Scraping New York Times & The Guardian using Python

I have read the blog post about Scraping New York Times Articles with R. It’s great. I want to reproduce the work with python. First, we should learn about nytimes article search api.

http://developer.nytimes.com/docs/article_search_api/

Second, we need to register and get the key which will be used in python script.

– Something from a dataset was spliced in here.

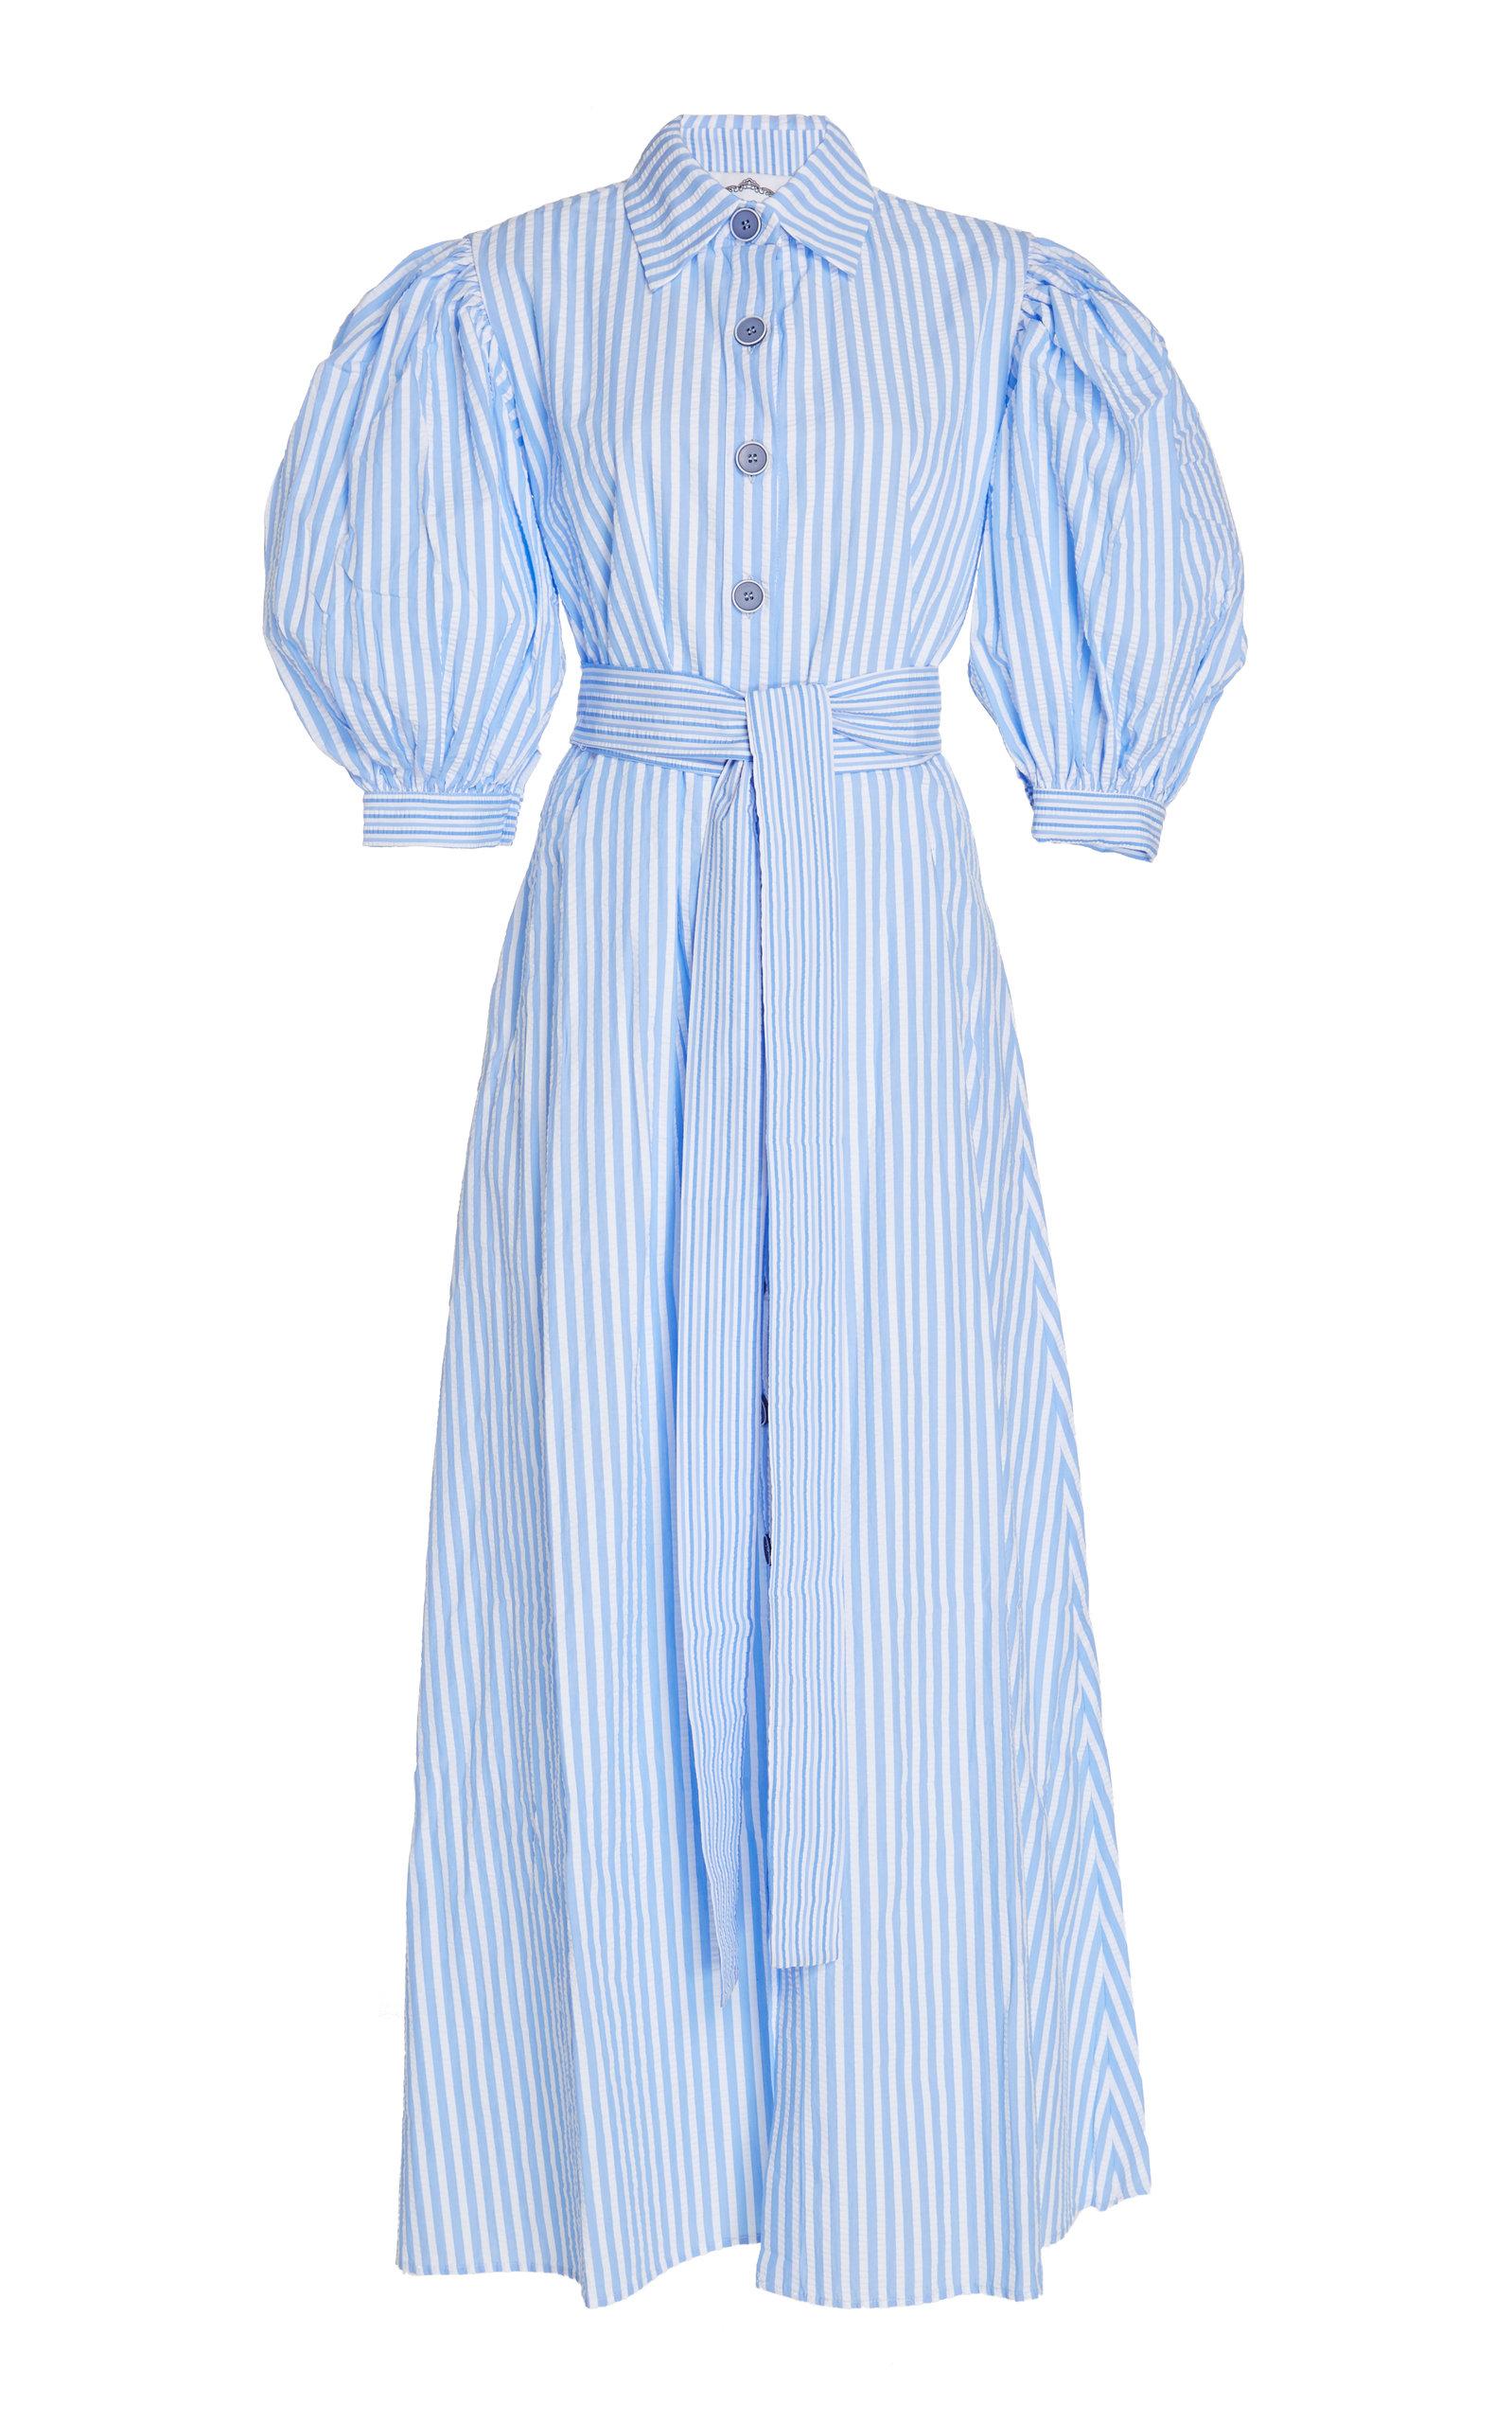 89adaab63b71 Valerie Puff-Sleeve Striped Cotton Maxi Dress by Evi Grintela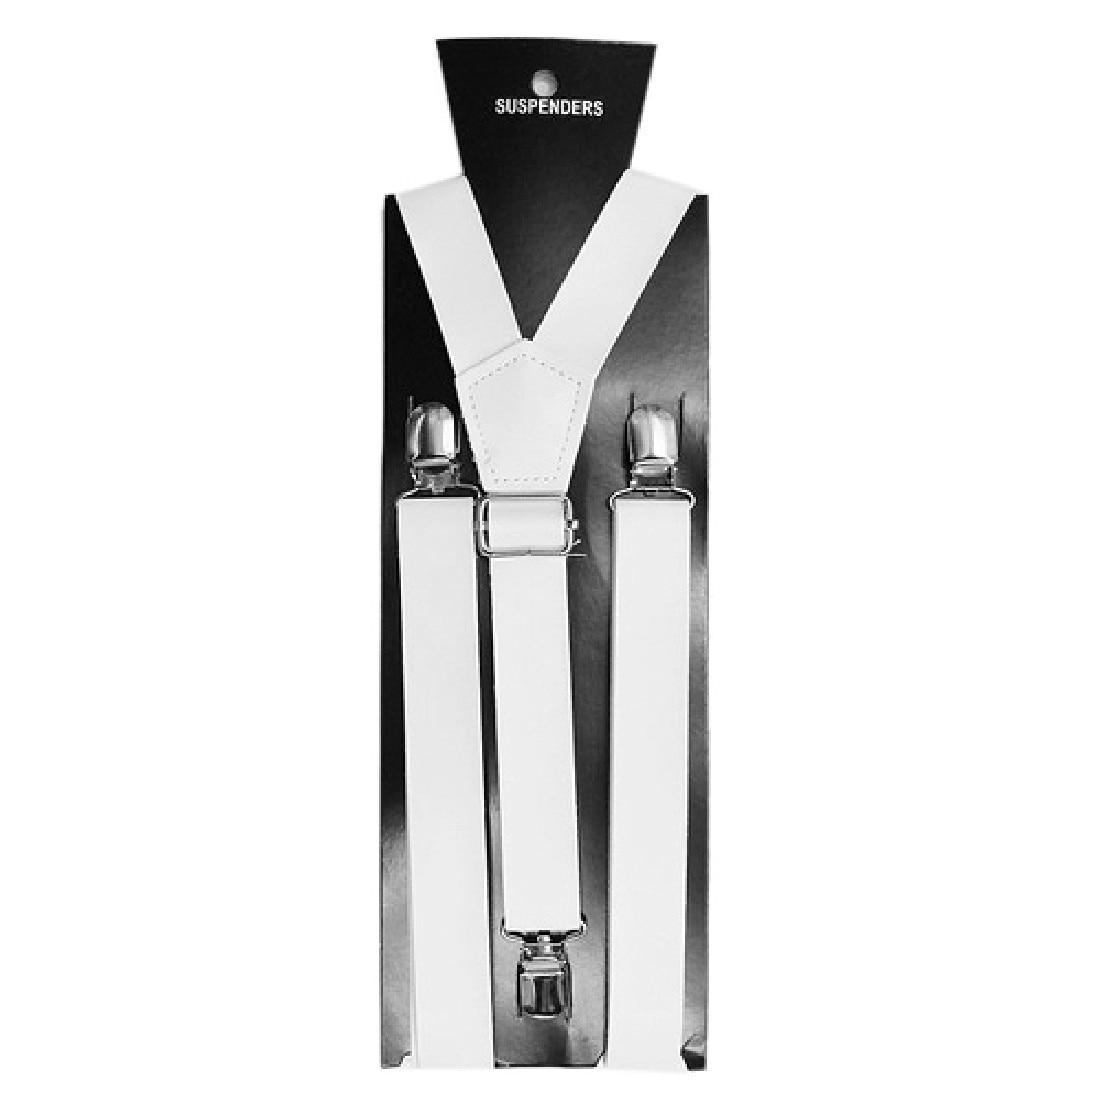 New Mens Womens Unisex Clip-on Suspenders Elastic Y-Shape Adjustable 2.5cm*100cm Strap Dress Accessories Strap Apparel 2018 Hot

http://developer.nytimes.com/apps/register

# !/usr/bin/env python
# -*- coding: UTF-8  -*-
# Scraping New York Times using python
# 20120421@ Canberra
# chengjun wang
import json
import urllib2
'''
About the api and the key, see the links above.
'''
'''step 1: input query information'''
apiUrl='http://api.nytimes.com/svc/search/v1/article?format=json'
query='query=occupy+wall+street'                            # set the query word here
apiDate='begin_date=20110901&end_date=20120214'             # set the date here
fields='fields=body%2Curl%2Ctitle%2Cdate%2Cdes_facet%2Cdesk_facet%2Cbyline'
offset='offset=0'
key='api-key=c2c5b91680.......2811165'  # input your key here
'''step 2: get the number of offset/pages'''
link=[apiUrl, query, apiDate, fields, offset, key]
ReqUrl='&'.join(link)
jstr = urllib2.urlopen(ReqUrl).read()  # t = jstr.strip('()')
ts = json.loads( jstr )
number=ts['total'] #  the number of queries  # query=ts['tokens'] # result=ts['results']
print number
seq=range(number/9)  # this is not a good way
print seq
'''step 3: crawl the data and dump into csv'''
import csv
addressForSavingData= "D:/Research/Dropbox/tweets/wapor_assessing online opinion/News coverage of ows/nyt.csv"
file = open(addressForSavingData,'wb') # save to csv file
for i in seq:
    nums=str(i)
    offsets=''.join(['offset=', nums]) # I made error here, and print is a good way to test
    links=[apiUrl, query, apiDate, fields, offsets, key]
    ReqUrls='&'.join(links)
    print "*_____________*", ReqUrls
    jstrs = urllib2.urlopen(ReqUrls).read()
    t = jstrs.strip('()')
    tss= json.loads( t )  # error no joson object
    result = tss['results']
    for ob in result:
        title=ob['title']  # body=ob['body']   # body,url,title,date,des_facet,desk_facet,byline
        print title
        url=ob['url']
        date=ob['date'] # desk_facet=ob['desk_facet']  # byline=ob['byline'] # some author names don't exist
        w = csv.writer(file,delimiter=',',quotechar='|', quoting=csv.QUOTE_MINIMAL)
        w.writerow((date, title, url)) # write it out
file.close()
pass

see the result:

Similarly, you can crawl the article data from The Guardian. See the link below.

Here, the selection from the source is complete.